→ Task item:
From the records below, copy out exactly the lines from the one containing "スペースの関係で大きな雛人形" to the one containing "preparatifs-mariage-photographe-lyon", both included. Add nothing else.

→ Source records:

+===+

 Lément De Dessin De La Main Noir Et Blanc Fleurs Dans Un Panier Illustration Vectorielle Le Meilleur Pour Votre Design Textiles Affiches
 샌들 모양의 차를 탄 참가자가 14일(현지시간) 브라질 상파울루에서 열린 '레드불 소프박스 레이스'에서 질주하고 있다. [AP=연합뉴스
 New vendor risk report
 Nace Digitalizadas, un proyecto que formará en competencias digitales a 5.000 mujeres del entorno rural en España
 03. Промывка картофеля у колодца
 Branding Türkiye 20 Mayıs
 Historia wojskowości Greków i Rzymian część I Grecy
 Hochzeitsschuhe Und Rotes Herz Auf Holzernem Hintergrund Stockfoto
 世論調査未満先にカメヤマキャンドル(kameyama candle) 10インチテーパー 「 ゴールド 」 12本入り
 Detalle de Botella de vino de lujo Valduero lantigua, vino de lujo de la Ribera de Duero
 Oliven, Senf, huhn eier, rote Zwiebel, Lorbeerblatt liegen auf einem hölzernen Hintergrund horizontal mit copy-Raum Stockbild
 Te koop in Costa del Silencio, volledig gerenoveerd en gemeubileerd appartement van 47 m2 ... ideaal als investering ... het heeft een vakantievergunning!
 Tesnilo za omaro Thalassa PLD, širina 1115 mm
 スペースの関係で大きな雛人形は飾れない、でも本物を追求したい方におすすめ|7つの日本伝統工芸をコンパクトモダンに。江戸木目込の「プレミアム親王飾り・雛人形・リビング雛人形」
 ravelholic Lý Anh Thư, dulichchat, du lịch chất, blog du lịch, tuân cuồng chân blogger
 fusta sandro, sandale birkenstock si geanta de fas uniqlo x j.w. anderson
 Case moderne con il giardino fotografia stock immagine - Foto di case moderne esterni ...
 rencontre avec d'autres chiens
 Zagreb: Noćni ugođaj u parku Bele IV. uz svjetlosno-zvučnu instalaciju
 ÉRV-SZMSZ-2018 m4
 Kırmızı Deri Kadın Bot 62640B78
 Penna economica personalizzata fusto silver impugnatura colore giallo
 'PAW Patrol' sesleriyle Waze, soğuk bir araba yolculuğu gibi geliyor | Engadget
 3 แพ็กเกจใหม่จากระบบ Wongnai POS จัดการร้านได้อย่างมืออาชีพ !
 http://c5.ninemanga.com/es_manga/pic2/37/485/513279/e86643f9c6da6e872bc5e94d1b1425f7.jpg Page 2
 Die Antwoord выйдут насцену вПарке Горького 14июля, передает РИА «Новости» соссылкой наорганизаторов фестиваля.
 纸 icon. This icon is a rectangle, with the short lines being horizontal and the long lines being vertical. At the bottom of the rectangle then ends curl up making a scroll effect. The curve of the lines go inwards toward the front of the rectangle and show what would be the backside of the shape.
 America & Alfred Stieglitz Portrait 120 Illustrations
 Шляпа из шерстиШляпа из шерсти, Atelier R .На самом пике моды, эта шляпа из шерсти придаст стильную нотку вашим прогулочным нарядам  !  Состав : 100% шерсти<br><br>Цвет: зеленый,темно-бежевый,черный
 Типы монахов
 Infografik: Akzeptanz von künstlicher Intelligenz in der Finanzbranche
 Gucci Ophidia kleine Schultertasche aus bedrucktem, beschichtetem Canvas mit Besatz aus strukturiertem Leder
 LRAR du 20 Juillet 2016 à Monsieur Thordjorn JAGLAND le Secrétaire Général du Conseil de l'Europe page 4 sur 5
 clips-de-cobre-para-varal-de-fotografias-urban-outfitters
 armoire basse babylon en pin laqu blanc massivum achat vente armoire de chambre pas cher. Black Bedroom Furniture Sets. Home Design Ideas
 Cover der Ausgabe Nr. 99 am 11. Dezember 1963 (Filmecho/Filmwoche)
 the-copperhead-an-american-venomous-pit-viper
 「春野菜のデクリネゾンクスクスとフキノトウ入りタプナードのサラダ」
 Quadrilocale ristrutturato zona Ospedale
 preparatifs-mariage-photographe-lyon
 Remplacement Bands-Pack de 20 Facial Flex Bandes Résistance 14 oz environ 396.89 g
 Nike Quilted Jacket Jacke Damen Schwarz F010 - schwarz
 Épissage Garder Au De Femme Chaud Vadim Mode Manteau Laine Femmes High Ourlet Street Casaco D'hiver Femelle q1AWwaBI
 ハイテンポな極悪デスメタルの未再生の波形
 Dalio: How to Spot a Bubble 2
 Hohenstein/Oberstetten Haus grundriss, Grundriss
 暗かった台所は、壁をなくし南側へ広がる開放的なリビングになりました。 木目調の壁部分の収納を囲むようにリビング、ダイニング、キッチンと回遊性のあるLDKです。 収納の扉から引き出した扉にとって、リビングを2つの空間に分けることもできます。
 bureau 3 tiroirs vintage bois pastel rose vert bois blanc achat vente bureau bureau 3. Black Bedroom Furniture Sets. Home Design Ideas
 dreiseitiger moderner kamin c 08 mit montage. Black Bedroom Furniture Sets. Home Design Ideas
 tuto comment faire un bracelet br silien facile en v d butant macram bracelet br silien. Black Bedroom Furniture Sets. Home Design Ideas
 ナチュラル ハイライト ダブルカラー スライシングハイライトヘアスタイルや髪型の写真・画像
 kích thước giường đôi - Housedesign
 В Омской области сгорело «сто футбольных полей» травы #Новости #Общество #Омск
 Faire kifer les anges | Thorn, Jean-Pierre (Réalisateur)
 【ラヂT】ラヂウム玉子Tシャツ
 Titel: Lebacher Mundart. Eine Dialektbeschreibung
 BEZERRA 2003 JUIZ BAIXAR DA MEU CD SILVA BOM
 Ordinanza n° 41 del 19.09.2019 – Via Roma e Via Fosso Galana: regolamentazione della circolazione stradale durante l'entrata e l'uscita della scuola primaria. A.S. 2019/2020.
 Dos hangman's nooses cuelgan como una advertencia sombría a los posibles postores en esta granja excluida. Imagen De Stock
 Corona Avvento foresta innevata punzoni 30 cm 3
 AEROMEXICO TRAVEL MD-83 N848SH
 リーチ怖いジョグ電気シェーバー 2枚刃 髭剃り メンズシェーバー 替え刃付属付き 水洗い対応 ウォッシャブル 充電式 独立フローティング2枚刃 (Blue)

+===+

→ Response box:
 スペースの関係で大きな雛人形は飾れない、でも本物を追求したい方におすすめ|7つの日本伝統工芸をコンパクトモダンに。江戸木目込の「プレミアム親王飾り・雛人形・リビング雛人形」
 ravelholic Lý Anh Thư, dulichchat, du lịch chất, blog du lịch, tuân cuồng chân blogger
 fusta sandro, sandale birkenstock si geanta de fas uniqlo x j.w. anderson
 Case moderne con il giardino fotografia stock immagine - Foto di case moderne esterni ...
 rencontre avec d'autres chiens
 Zagreb: Noćni ugođaj u parku Bele IV. uz svjetlosno-zvučnu instalaciju
 ÉRV-SZMSZ-2018 m4
 Kırmızı Deri Kadın Bot 62640B78
 Penna economica personalizzata fusto silver impugnatura colore giallo
 'PAW Patrol' sesleriyle Waze, soğuk bir araba yolculuğu gibi geliyor | Engadget
 3 แพ็กเกจใหม่จากระบบ Wongnai POS จัดการร้านได้อย่างมืออาชีพ !
 http://c5.ninemanga.com/es_manga/pic2/37/485/513279/e86643f9c6da6e872bc5e94d1b1425f7.jpg Page 2
 Die Antwoord выйдут насцену вПарке Горького 14июля, передает РИА «Новости» соссылкой наорганизаторов фестиваля.
 纸 icon. This icon is a rectangle, with the short lines being horizontal and the long lines being vertical. At the bottom of the rectangle then ends curl up making a scroll effect. The curve of the lines go inwards toward the front of the rectangle and show what would be the backside of the shape.
 America & Alfred Stieglitz Portrait 120 Illustrations
 Шляпа из шерстиШляпа из шерсти, Atelier R .На самом пике моды, эта шляпа из шерсти придаст стильную нотку вашим прогулочным нарядам  !  Состав : 100% шерсти<br><br>Цвет: зеленый,темно-бежевый,черный
 Типы монахов
 Infografik: Akzeptanz von künstlicher Intelligenz in der Finanzbranche
 Gucci Ophidia kleine Schultertasche aus bedrucktem, beschichtetem Canvas mit Besatz aus strukturiertem Leder
 LRAR du 20 Juillet 2016 à Monsieur Thordjorn JAGLAND le Secrétaire Général du Conseil de l'Europe page 4 sur 5
 clips-de-cobre-para-varal-de-fotografias-urban-outfitters
 armoire basse babylon en pin laqu blanc massivum achat vente armoire de chambre pas cher. Black Bedroom Furniture Sets. Home Design Ideas
 Cover der Ausgabe Nr. 99 am 11. Dezember 1963 (Filmecho/Filmwoche)
 the-copperhead-an-american-venomous-pit-viper
 「春野菜のデクリネゾンクスクスとフキノトウ入りタプナードのサラダ」
 Quadrilocale ristrutturato zona Ospedale
 preparatifs-mariage-photographe-lyon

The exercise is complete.